Sri Lankan author, translator, journalist, and JVP activist (1938–2019)

Jayatilleke de Silva (Sinhala:ජයතිලක ද සිල්වා) (14 June 1938 – 26 February 2019) was a Sri Lankan author, translator, journalist and a political activist.

==Early life and education==

De Silva was born in Ambalangoda-Batapola, Nindana Village in 1938 and commenced his preliminary studies at Hikkaduwa Central College. Then he continued his further studies in Mathematics from the University of Ceylon, Colombo. He chose his initial profession to be teaching. After a short period as the Principal of Deniyaya Central College, he left the teaching to pursue a full-time career in politics.

==Political career==

He started his political career from the Sri Lanka Communist Party, of which he was an active member for a few decades.
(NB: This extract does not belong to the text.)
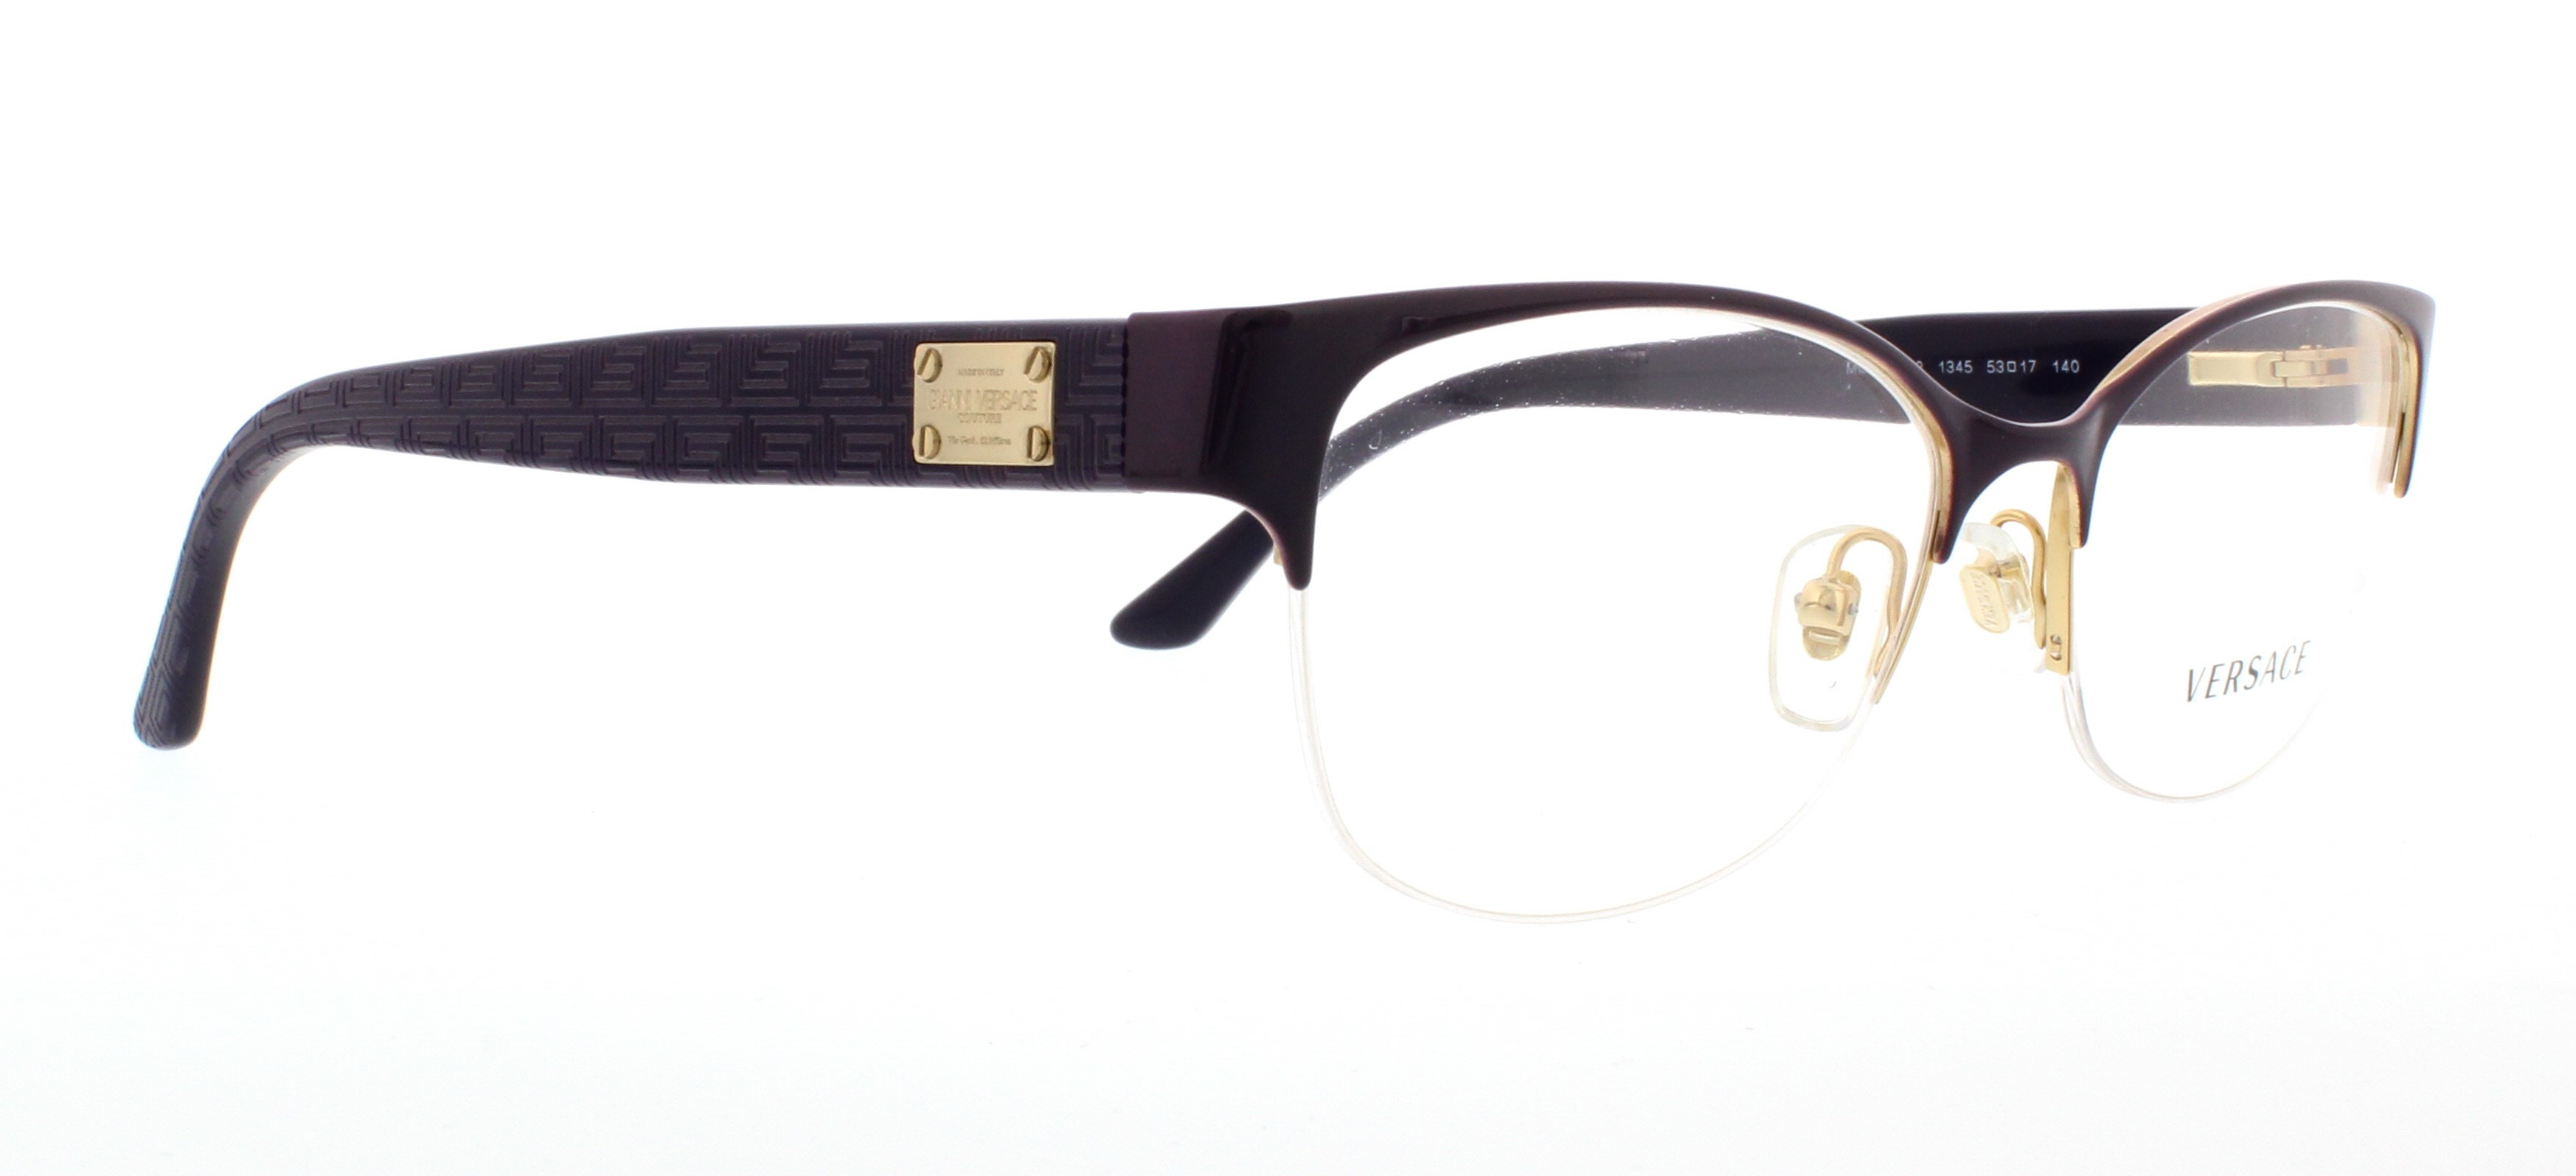 4bdc05d4e1 VERSACE Eyeglasses VE 1222 1345 Gold 53MM - Walmart.com

He got remanded for many years trying to topple the government under terrorism act during 1980s. In mid 1980s he and majority of its members left the Communist Party and Socialist People's Movement (සමාජවාදි ජනතා ව්‍යාපාරය Samajawadi Janatha Wyapraya) was formed. During the later stages he devoted his time to helping and was actively engaged forming the yahapalana government with Janatha Vimukthi Peramuna. Soon after De Silva's death, his wife, Sunila Nandani Dias donated de Silva’s library to JVP.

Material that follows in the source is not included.